Увы, Занони, неужели ты думал, что союз между тем, кто пережил века, и дочерью одного дня мог быть продолжителен! Неужели ты не предвидел, что до тех пор, пока испытание не будет пройдено, между твоим знанием и ее любовью не может быть равенства? В то время как ты искал таинственного покровительства для матери и ребенка, ты забыл, что Призрак, который служит тебе, наблюдает за своими дарами, что он господин над жизнями, которые он научил тебя отнять у смерти. Разве ты не знаешь, что боязнь и сомнение, раз посеянные в любящем сердце, вырастают и превращаются в мрачный лес, непроницаемый для звездного света? Ужасные глаза стерегут мать и ребенка!

Целый день душу Виолы терзали тысячи страхов, которые, казалось, исчезали при трезвом рассуждении, но потом снова возвращались, еще более мрачные и мучительные. Она вспомнила, как когда-то сказала Глиндону, что в детстве томилась странным предчувствием, будто ей уготовлена некая сверхъестественная судьба. Она вспомнила, что, когда она рассказывала ему об этом, сидя у моря, дремавшего в объятиях Неаполитанского залива, он тоже говорил о подобном предчувствии, и мистическое сродство, казалось, соединяло их судьбы. Кроме того, она вспомнила, что, сравнивая свои неясные, смутные мысли, оба отметили, что когда они в первый паз увидели Занони, то предчувствия, инстинкт заговорили в их сердцах громче, чем обычно, нашептывая им: "С ним связана тайна неразгаданной жизни".

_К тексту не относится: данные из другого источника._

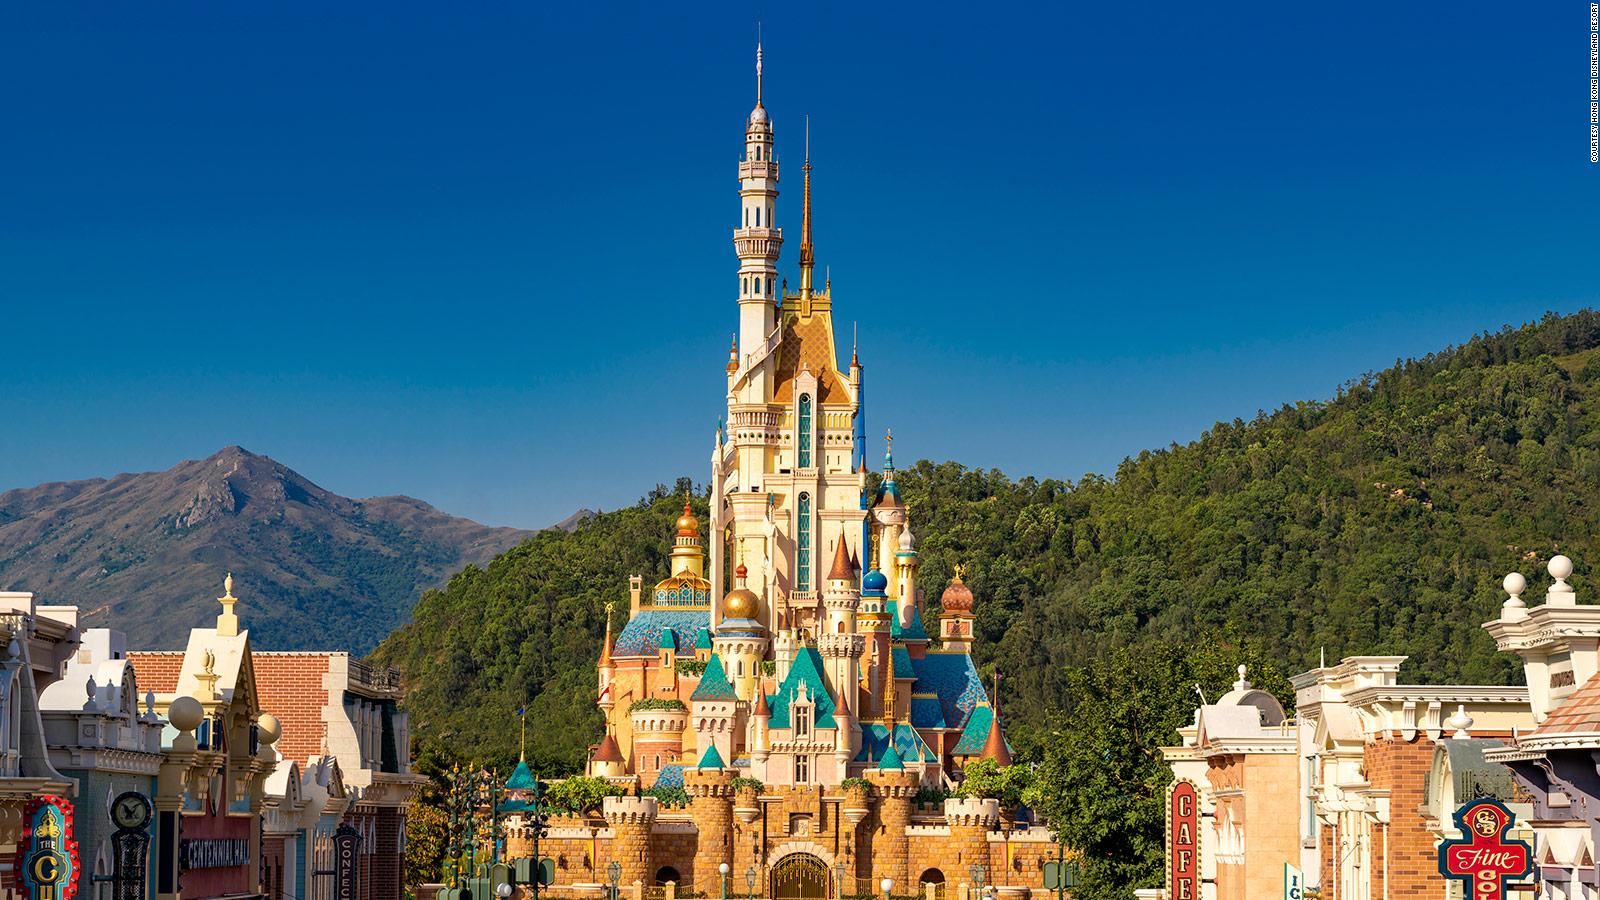 Hong Kong Disneyland's new 'Castle of Magical Dreams' is an architectural  vision of diversity - CNN Style

И теперь, когда Глиндон и Виола встретились снова, их прежние страхи, подтвержденные таким образом, пробудились от заколдованного сна. Она чувствовала, что страх Глиндона против воли овладевал ею, и ее разум и любовь не могли справиться с ним. Но когда ее взор обращался к ребенку, она всегда встречала его твердый и серьезный взгляд, она видела, как его губы шевелились, точно желая что-то сказать ей.

Ребенок не хотел спать. Каждый раз, когда она смотрела на него, эти серьезные глаза, казалось, упрекали и обвиняли ее. Этот взгляд леденил ее душу.

Не в состоянии переносить этот неожиданный кризис всех чувств, которые составляли до сих пор ее жизнь, она приняла решение, естественное для представителя ее страны и веры, — послала за священником, бывшим в Венеции, своим духовником, и со страстными рыданиями и неподдельным ужасом поведала ему охватившие ее сомнения.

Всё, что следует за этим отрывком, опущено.